You wouldn't be talking about the Govan Ferry, would you? I understand there is a new version now, but the old one was certainly a well established institution, even remembered in song.


----------



## jimthehat (Aug 5, 2006)

Now i remember all the Clyde steamers from way back,the paddlers and the prop ships..

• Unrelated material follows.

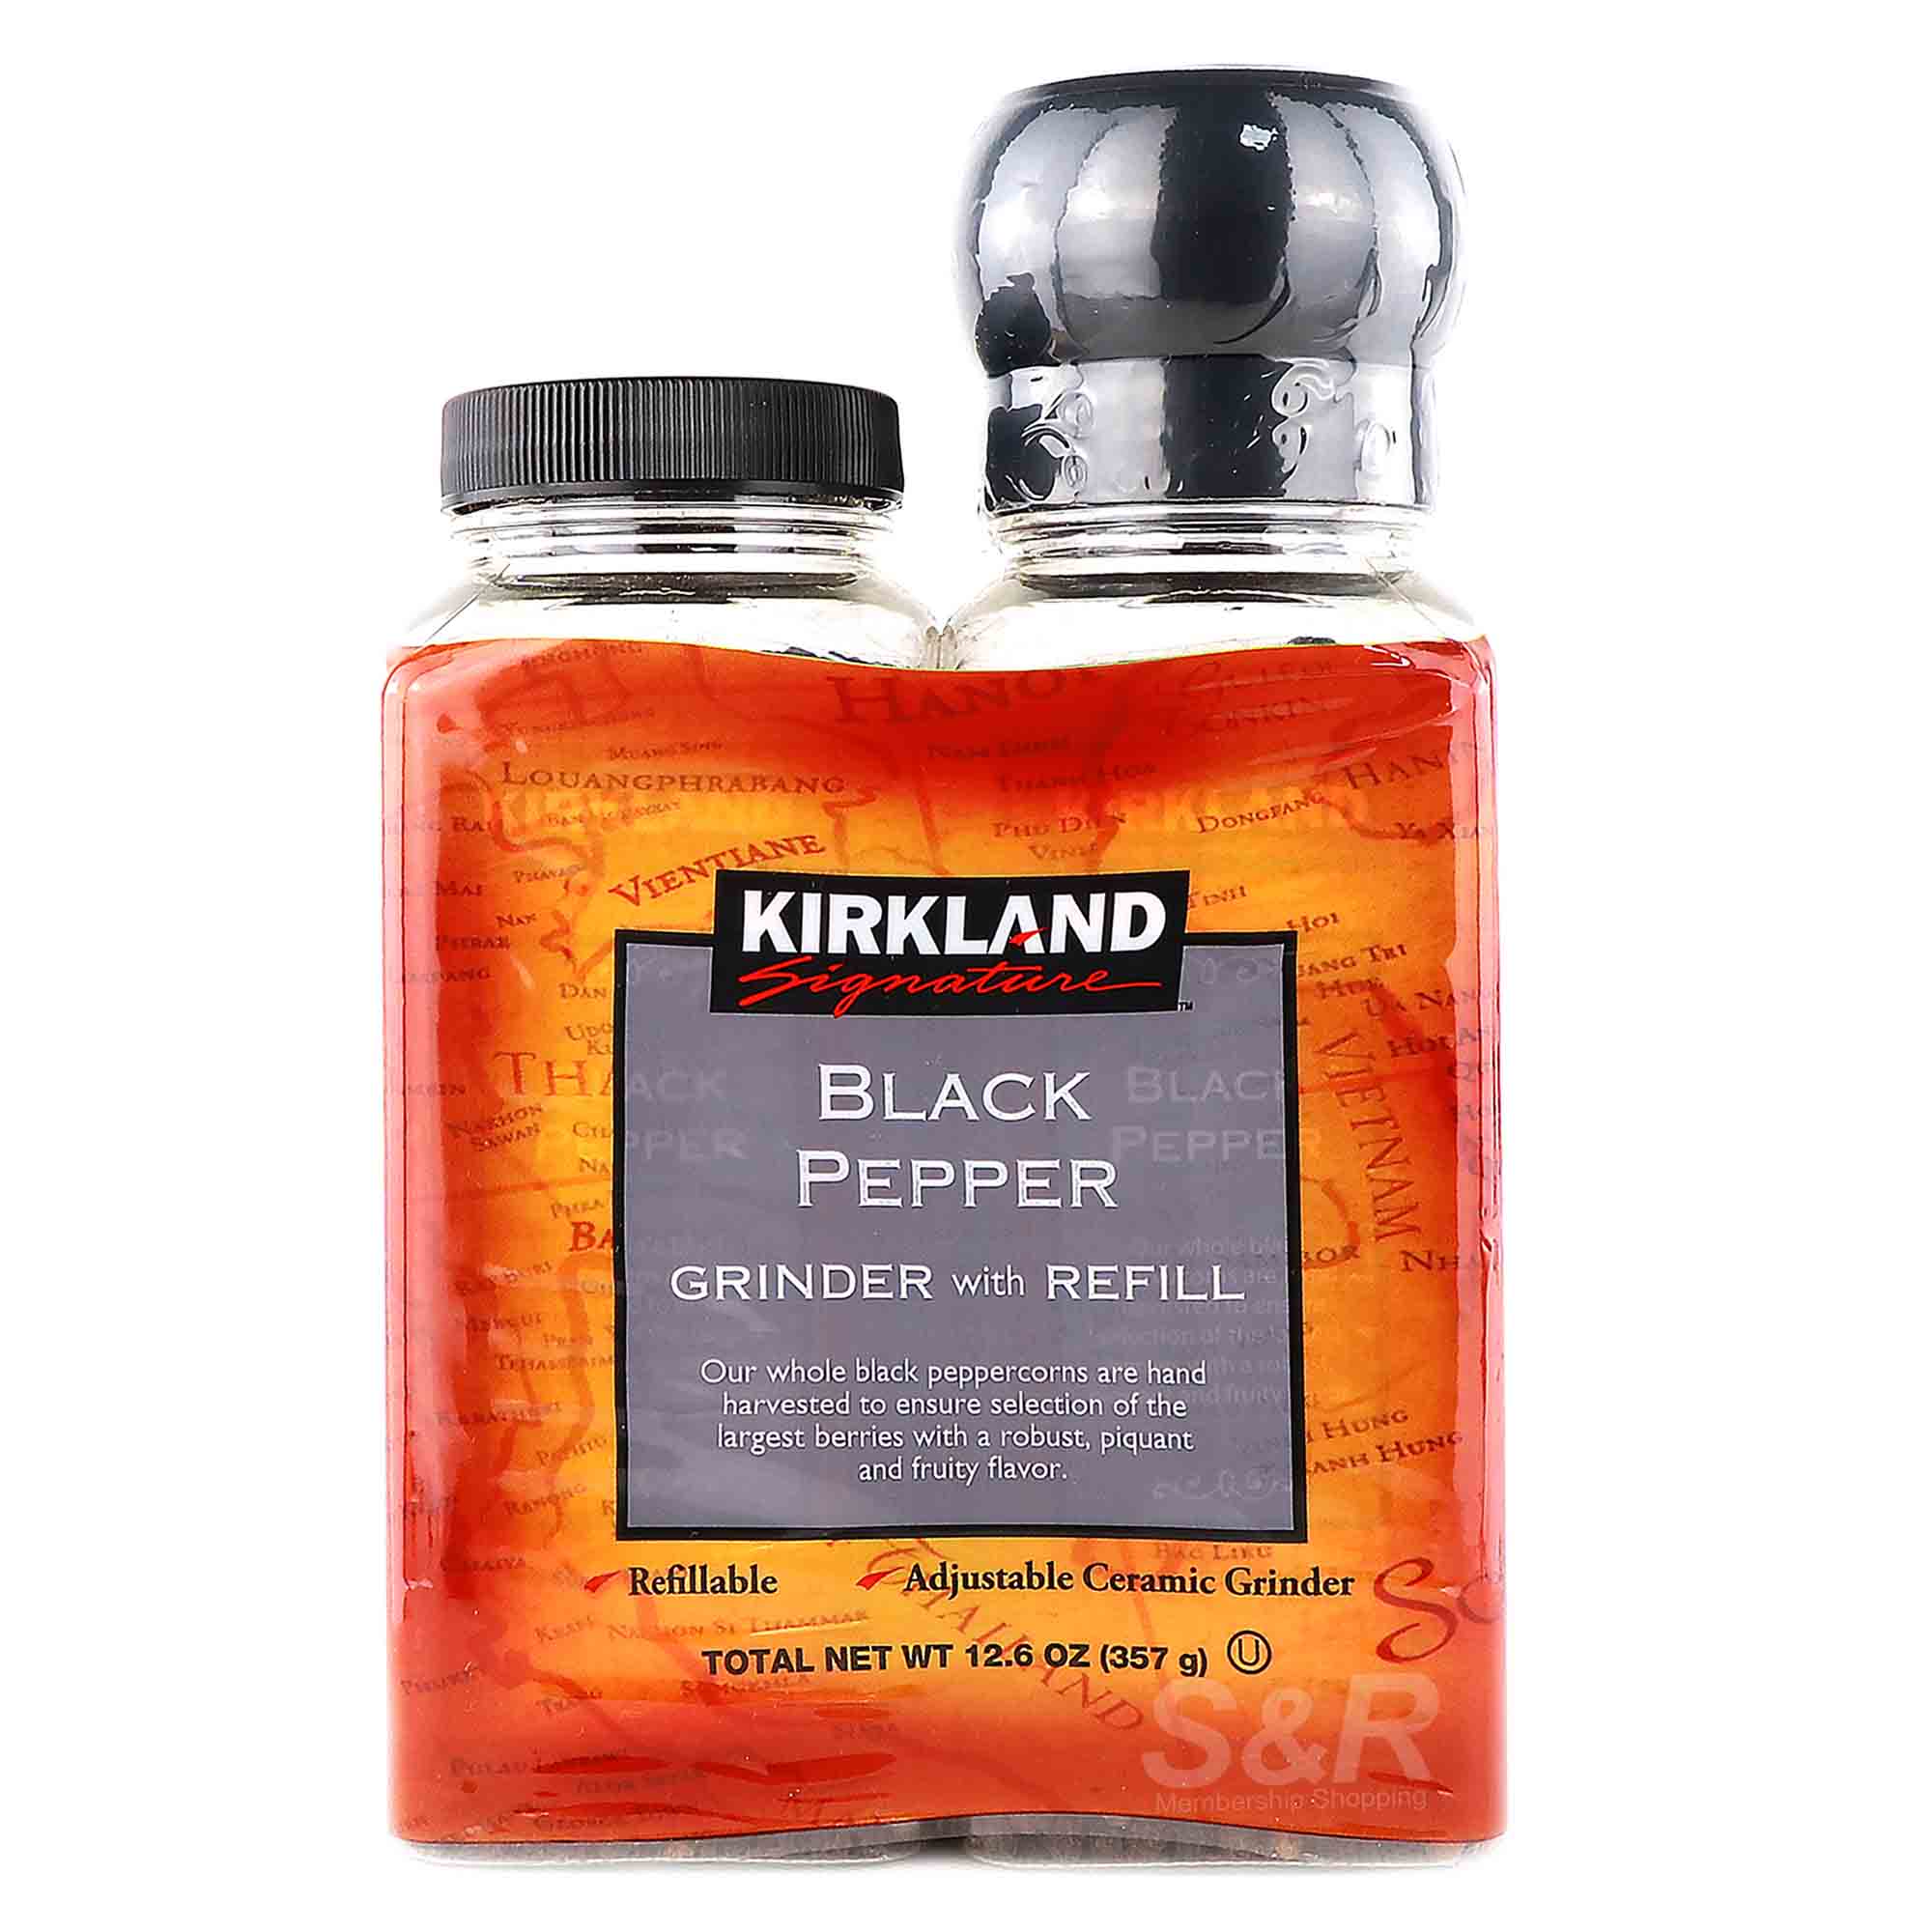 Kirkland Signature Black Pepper Grinder with Refill 357g

Jeane deans,lucy aston and Queen Mary 2 and a copple of others .
used to go down to Dunoon pier and pick a ship and spend all day cruising up and down the River,probably getting back about 8pm.
earned my keep by tidying up the heaving lines and mooring ropes.happy days.

jim


----------



## submarine (Aug 18, 2008)

Tom,
Govan ferry it is. Ran side by side with vehicle ferry. Dave


----------



## Ron Dean (Aug 11, 2010)

jimthehat said:


> Now i remember all the Clyde steamers from way back,the paddlers and the prop ships..
> 
> Jeane deans,lucy aston and Queen Mary 2 and a copple of others .
> used to go down to Dunoon pier and pick a ship and spend all day cruising up and down the River,probably getting back about 8pm.
> ...


I remember in May 1957 sailing on the Jeannie Deans.
Gourock to Dunoon, Rothesay on the Isle of Bute, then through the Kyles of Bute to Tighnabruaich returning late evening.
My memories are of many kilted Scotsmen, some with skean dhu's, drinking whisky in a very small overcrowded bar & eating Scotch pancakes served through a hatch from a small deck galley.
A piper & a fiddle player provided entertainment throughout the sailing.
The scenery was manificent and I'm sure that hasn't changed much.
Although this was more than 56 years ago, it still remains one of the most memorable days of my life.

Ron.


----------



## gordy (Apr 18, 2008)

submarine said:


> Tom,
> Govan ferry it is. Ran side by side with vehicle ferry. Dave


There's a preserved one beside the new Riverside Museum.


----------



## forthbridge (Jun 28, 2007)

Riverside museum is well worth a visit. If you are older it will bring back many memories.


----------



## drwhoman (Mar 27, 2008)

*Riverside Museum*

I fully endorse the previous comment about the Riverside Musuem. As a visitor to Glasgow last October I went along to have a look. It was excellent. All things transport with some great ship models. There is also the tall ship Glenlee out on the river which is maintained in excellent condition. The coffee and sandwiches were good as well!


----------